DESCRIPTION OF THE TASK:
Look through the listing below and write out exactly the lines from the line with "A living room" to the line with "The Swiss Army Knife For Every Level Up", both included, and no others.

RECORDED INFORMATION:
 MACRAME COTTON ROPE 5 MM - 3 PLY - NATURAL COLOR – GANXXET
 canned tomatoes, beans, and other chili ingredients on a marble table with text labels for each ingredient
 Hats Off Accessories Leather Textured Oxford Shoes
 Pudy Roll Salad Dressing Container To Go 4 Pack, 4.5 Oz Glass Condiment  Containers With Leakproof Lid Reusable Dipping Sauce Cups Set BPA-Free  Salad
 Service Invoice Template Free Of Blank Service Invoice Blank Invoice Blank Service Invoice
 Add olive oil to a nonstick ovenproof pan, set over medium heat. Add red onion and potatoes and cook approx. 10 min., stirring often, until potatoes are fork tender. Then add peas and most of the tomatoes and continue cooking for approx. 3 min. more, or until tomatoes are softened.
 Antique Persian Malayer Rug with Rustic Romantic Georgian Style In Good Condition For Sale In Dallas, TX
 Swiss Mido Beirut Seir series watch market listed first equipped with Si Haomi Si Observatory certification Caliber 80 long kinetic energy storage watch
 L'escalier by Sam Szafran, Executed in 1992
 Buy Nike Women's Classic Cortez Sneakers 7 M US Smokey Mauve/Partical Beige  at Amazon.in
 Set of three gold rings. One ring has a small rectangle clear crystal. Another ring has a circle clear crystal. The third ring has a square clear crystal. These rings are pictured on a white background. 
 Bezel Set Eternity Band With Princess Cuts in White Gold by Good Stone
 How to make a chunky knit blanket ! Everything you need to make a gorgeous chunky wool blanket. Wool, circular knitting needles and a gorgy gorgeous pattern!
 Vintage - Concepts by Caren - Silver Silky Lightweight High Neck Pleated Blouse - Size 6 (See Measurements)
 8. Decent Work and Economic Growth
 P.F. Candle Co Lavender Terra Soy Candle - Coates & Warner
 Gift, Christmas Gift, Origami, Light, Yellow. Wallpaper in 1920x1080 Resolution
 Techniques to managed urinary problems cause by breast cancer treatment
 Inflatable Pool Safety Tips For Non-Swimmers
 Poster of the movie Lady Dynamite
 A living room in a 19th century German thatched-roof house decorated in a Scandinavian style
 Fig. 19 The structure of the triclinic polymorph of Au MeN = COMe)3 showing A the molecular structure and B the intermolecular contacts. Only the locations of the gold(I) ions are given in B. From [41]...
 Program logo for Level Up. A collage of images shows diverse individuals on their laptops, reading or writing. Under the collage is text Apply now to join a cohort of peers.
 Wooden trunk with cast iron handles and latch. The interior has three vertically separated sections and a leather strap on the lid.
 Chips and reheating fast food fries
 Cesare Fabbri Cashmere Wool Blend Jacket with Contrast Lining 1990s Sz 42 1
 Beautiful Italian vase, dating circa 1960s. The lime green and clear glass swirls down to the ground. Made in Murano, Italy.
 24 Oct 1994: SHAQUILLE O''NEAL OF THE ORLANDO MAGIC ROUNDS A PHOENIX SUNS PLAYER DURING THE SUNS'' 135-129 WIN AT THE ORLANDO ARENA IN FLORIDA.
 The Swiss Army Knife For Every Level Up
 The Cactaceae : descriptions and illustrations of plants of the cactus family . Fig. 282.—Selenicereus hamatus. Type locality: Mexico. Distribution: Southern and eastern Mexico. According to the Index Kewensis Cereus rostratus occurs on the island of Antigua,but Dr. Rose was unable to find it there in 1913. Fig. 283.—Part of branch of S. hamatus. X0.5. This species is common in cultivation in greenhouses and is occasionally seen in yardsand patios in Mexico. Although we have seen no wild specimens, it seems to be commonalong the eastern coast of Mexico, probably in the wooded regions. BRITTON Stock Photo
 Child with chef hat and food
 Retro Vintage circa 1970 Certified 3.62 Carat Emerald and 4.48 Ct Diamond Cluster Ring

SOLUTION FOR THIS TASK:
 A living room in a 19th century German thatched-roof house decorated in a Scandinavian style
 Fig. 19 The structure of the triclinic polymorph of Au MeN = COMe)3 showing A the molecular structure and B the intermolecular contacts. Only the locations of the gold(I) ions are given in B. From [41]...
 Program logo for Level Up. A collage of images shows diverse individuals on their laptops, reading or writing. Under the collage is text Apply now to join a cohort of peers.
 Wooden trunk with cast iron handles and latch. The interior has three vertically separated sections and a leather strap on the lid.
 Chips and reheating fast food fries
 Cesare Fabbri Cashmere Wool Blend Jacket with Contrast Lining 1990s Sz 42 1
 Beautiful Italian vase, dating circa 1960s. The lime green and clear glass swirls down to the ground. Made in Murano, Italy.
 24 Oct 1994: SHAQUILLE O''NEAL OF THE ORLANDO MAGIC ROUNDS A PHOENIX SUNS PLAYER DURING THE SUNS'' 135-129 WIN AT THE ORLANDO ARENA IN FLORIDA.
 The Swiss Army Knife For Every Level Up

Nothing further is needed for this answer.